"Mother, I'll take down Ailie, an' see what's wantin'," suggested Horatio, sitting up. He had been wandering for hours through the streets, poor boy, vainly seeking for employment, while barely recovered from a severe attack of low fever, and subsisting on a mere scrap of bread. Esther shook her head.
"Ye've been on the tramp all day, and you're fit for nothin' but sleep. I'll go with Ailie myself."
"You've been nigh as long on the tramp yourself, mother."
"A boy's little use in a sick-room," said Esther. "Get to bed, Lettie and Roger—an' you too, Hor. I'll be back when I can."
Taking the child's hand in her own, she left the room again, and Ailie went submissively, though trembling. Down one flight of stairs after another they made their way, Esther walking more steadily now, perhaps strengthened by her little taste of supper. Perhaps the very act of caring for others imparted vigour to herself.
Not that it was done with the highest motives. Not that Esther had any thought of "serving the Lord." No such Heavenly light shone in upon the Forsyth's dreary home as would have come from trust in a Heavenly Father's watchful love. If the good seed had ever been sown in Esther's heart, the pressing cares of poverty had long ago stifled its growth, and smothered out the germ of life. She and her husband had struggled long in past years to retain a respectable appearance, but of late a cloud seemed to have settled down upon them all.

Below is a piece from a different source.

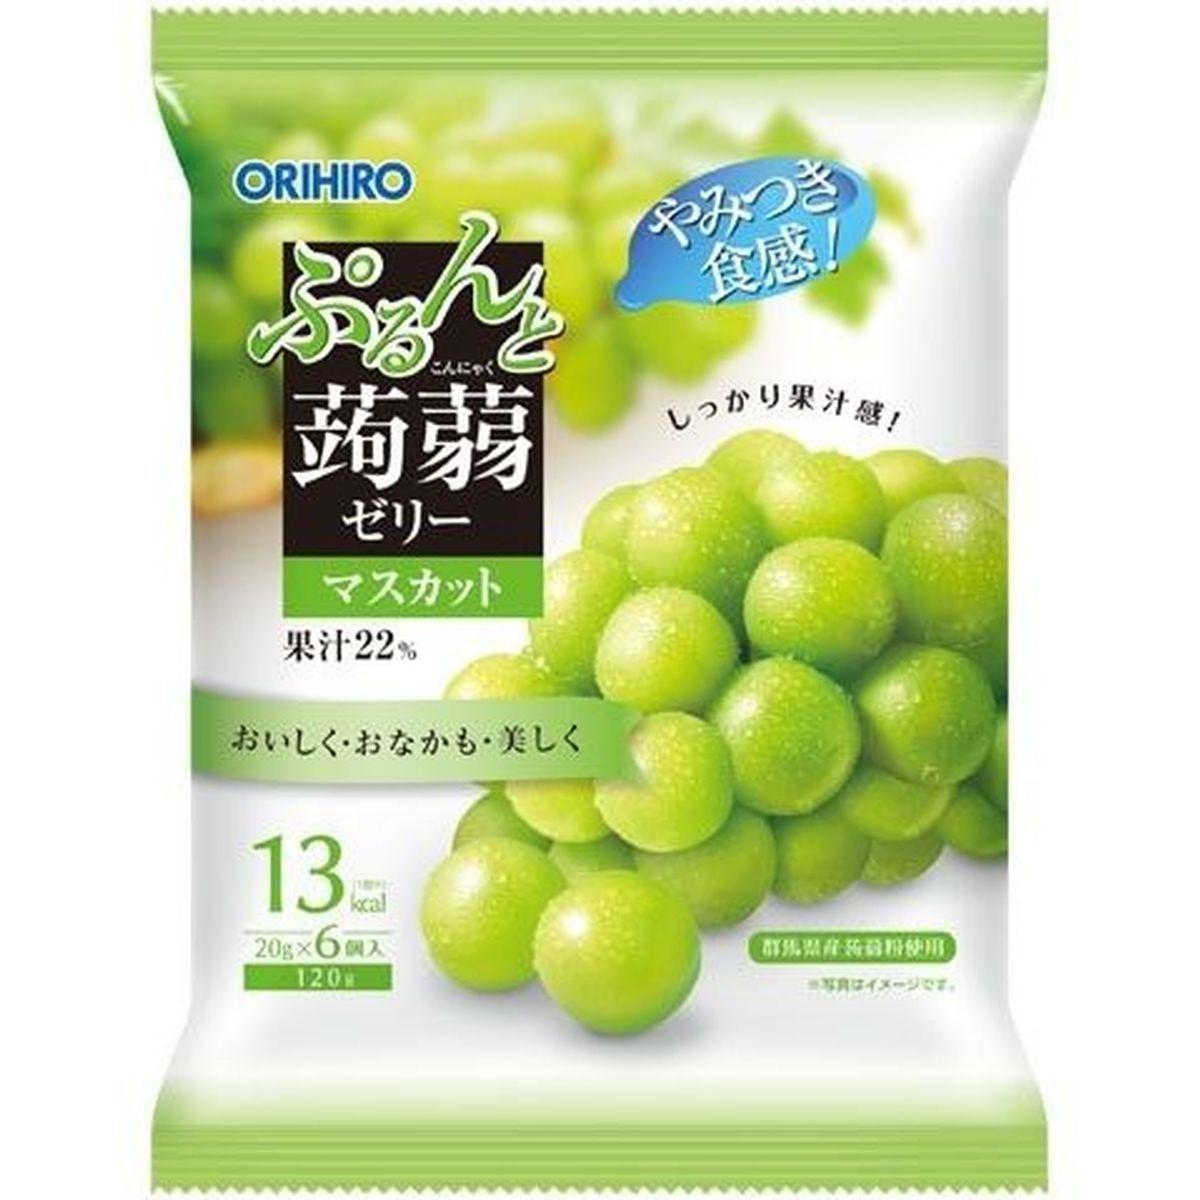 【24個入り】オリヒロ ぷるんと蒟蒻ゼリー マスカット 6個

John was not an unsteady man in the main, but sometimes, in the mere longing to escape from idleness, and its attendant train of miseries, he fled to the public-house, and, once there, what wonder if he stayed too long, and took too much? The crowded room which formed his home could indeed offer small attractions.

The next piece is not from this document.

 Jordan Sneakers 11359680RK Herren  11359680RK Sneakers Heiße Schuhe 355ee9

Esther bore it all silently—bore it as she bore everything else, with a kind of dogged patience. Down in her heart the canker-worm of hopelessness was sapping the springs of energy. But for her children, she could have lain down without a wish ever to rise again. For love of them she strove on, sought work, denied herself, and lived a life of silent endurance. But it was so long now since all regular work had failed, that the old struggle for at least the appearance of respectability was dying out. They were growing used to rags and tatters, and scanty clothing—worse still, even to want of cleanliness. What was the use of striving? When failing for lack of food, and sinking with the long day's search for the means of livelihood, Esther was in no state for "cleaning up," she would have said.
And yet the woman's heart of sympathy beat still beneath that soiled cotton gown. She could not see Ailie Carter in distress, and not do the little in her power to help.